Auf angenehm lockere Art übt Carsten Gerlitz zuvor mit dem Freiluft-Zufallschor die wohlbekannten Zeilen. "Sie müssen singen: Alle Menschen werden Brühüder", erklärt der Chorleiter im blauen Sternenkranz-Tshirt. Und dann beginnt er sogar noch die vierstimmige Version zu proben - bis er von der Regie das Zeichen bekommt, dass es im Saal gleich losgeht. "Für die Bässe ist leider keine Zeit mehr", ruft Gerlitz, "aber ihr singt das dann vom Blatt, okay?"

Für das Openair-Event wird ein neues Soundsystem verwendet, das verspricht, den Klang so zu transportieren, dass man sich fühlt, als säße man im Parkett.. Und tatsächlich: Es entsteht eine echte Raumwirkung hier draußen, die Streicher sind brillant, die Kontrabässe extrem präsent, die Holzbläser sitzen hörbar weiter hinten auf dem Podium.

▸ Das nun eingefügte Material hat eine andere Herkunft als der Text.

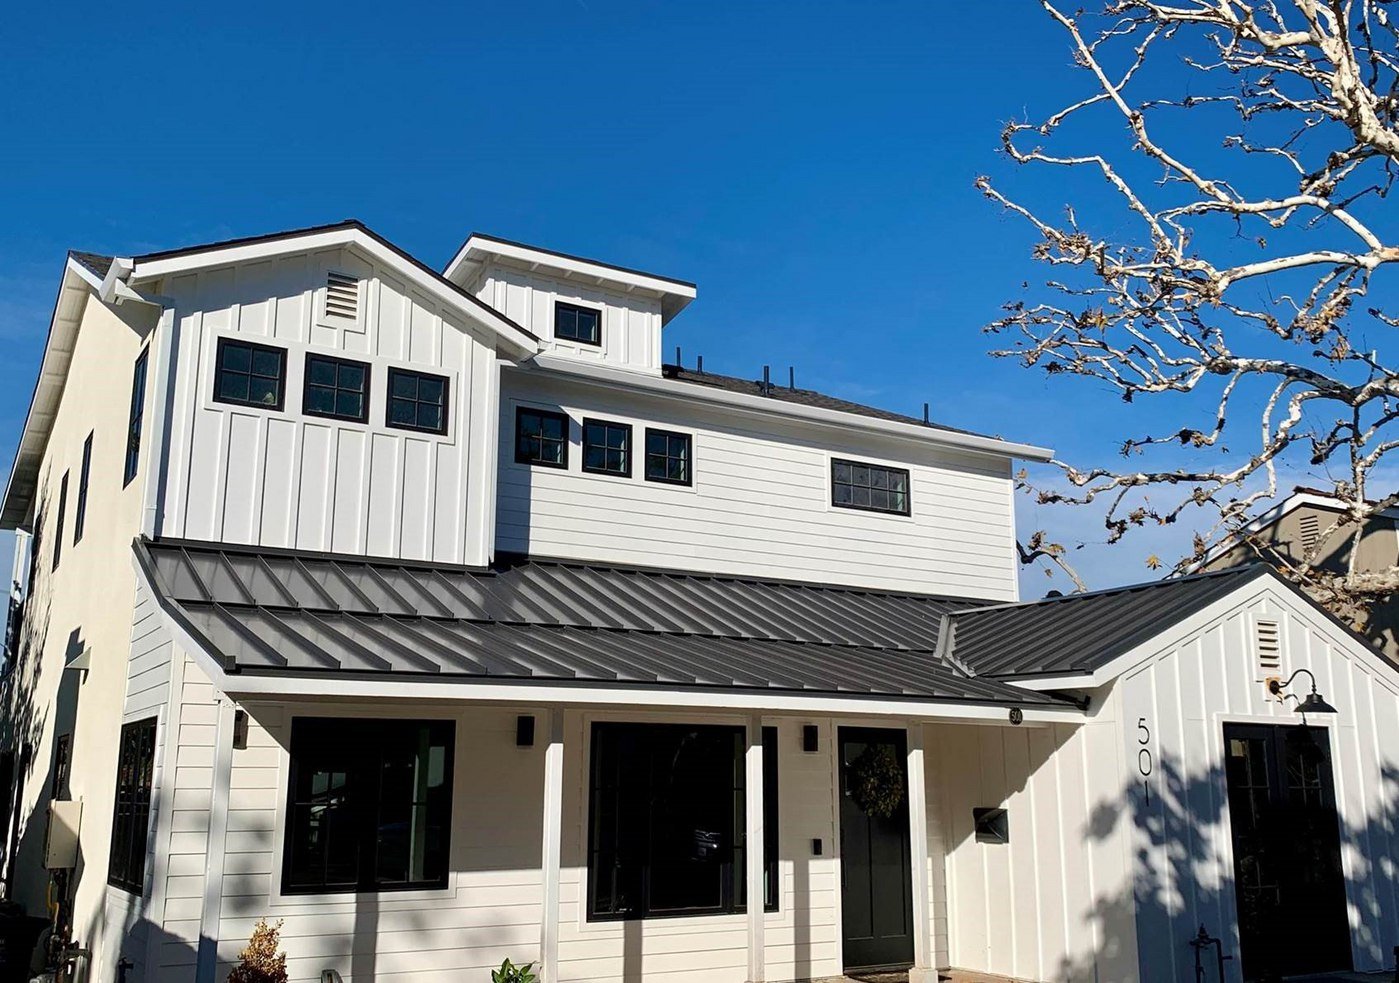 Metal Roofing Pros And Cons: Is A Metal Roof Right For You?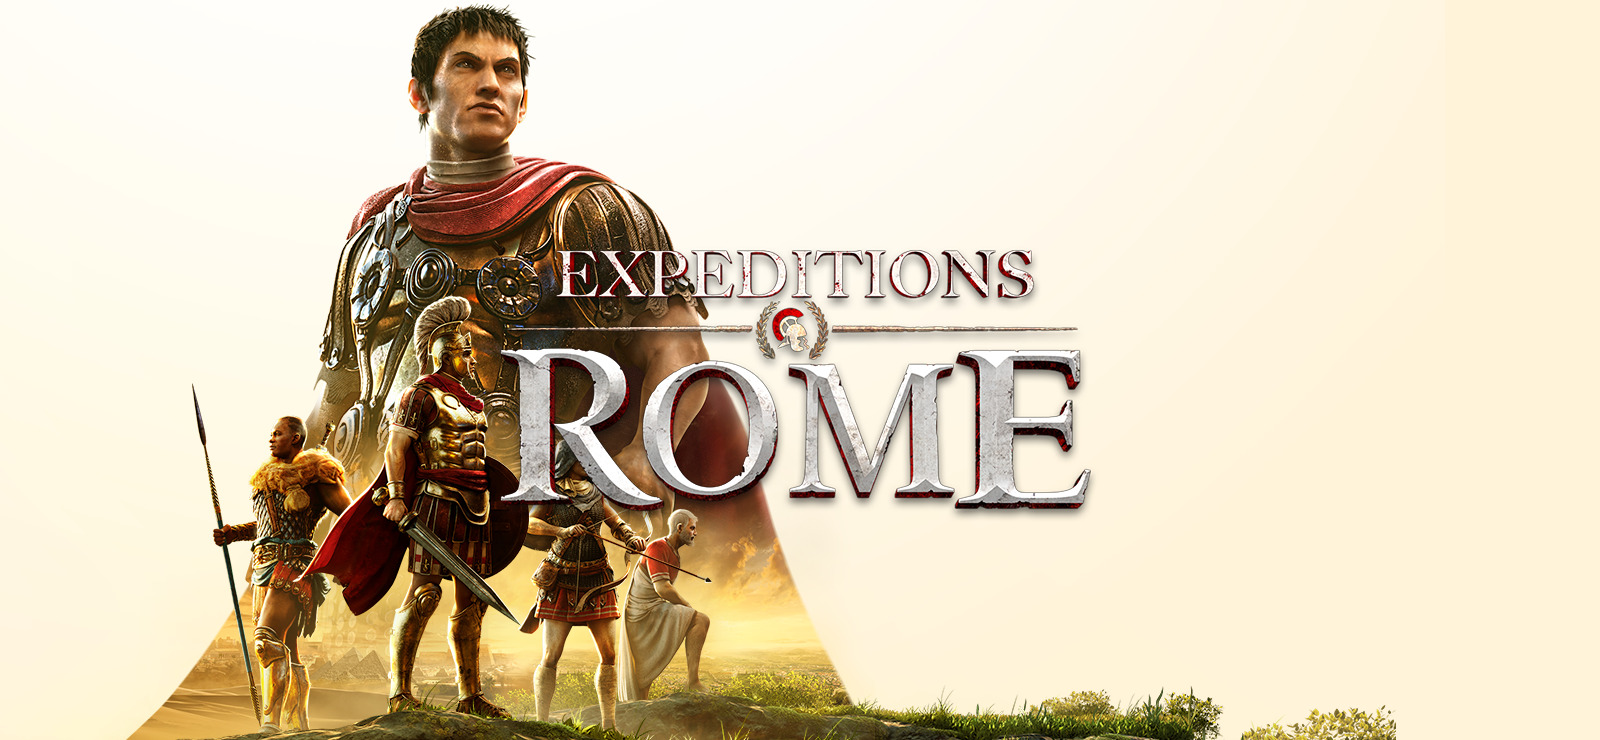 Download Expeditions: Rome v1.4.0.84.62236 – FitGirl Repack

Je lauter das Orchester spielt, desto beeindruckender wird der Sound: machtvoll nämlich und nicht knallig. Keinen Moment lang hat man Angst, die Boxen könnten anfangen zu klirren. Werden die Musikerinnen und Musiker leiser, verfliegt der Klang nie in der Weite des Platzes, sondern wird nur intimer.

Vasily Petrenko dirigiert eine freilufttaugliche "Neunte"

Das volle, prächtige Klangerlebnis allerdings haben nur diejenigen, die frontal zur Abstrahlrichtung der Boxen sitzen. Seitlich der jeweils sieben Lautsprecher-Säulen muss man schon Abstriche in Kauf nehmen, in der Mitte des Platzes klingt es fast schon so belchdosig, wie man das aus der Waldbühne gewohnt ist. Jenseits der Markgrafenstraße aber, also auf der Platzseite, die dem Konzerthaus gegenüber liegt, mischen sich die verstärkten Stimmen wieder besser, fast bis zum Hausvogteiplatz ist das European Union Youth Orchestra in der Taubenstraße noch gut zu hören.

Vasily Petrenko dirigiert eine freilufttaugliche "Neunte", vital und geradeaus, mit straffen Tempi, ohne philosophische Grübeleien. Gerade die schnellen Passagen gelingen mitreißend, und am Ende applaudieren auch die Tausenden auf dem Platz ausdauernd - obwohl die Musikerinnen und Musiker sie ja gar nicht hören können. Danach sind die Zuhörer selber dran, von der obersten Stufe der Freitreppe gibt Chorleiter Casten Gerlitz den Einsatz zu "Freude, schöner Götterfunken". Sicherheitshalber läuft der Text auf den Großbildleinwänden mit, die Europa-Fahnen werden erneut geschwenkt - und dann brandet Jubel auf, als Dank für einen besonderen, völkerverbindenden Abend.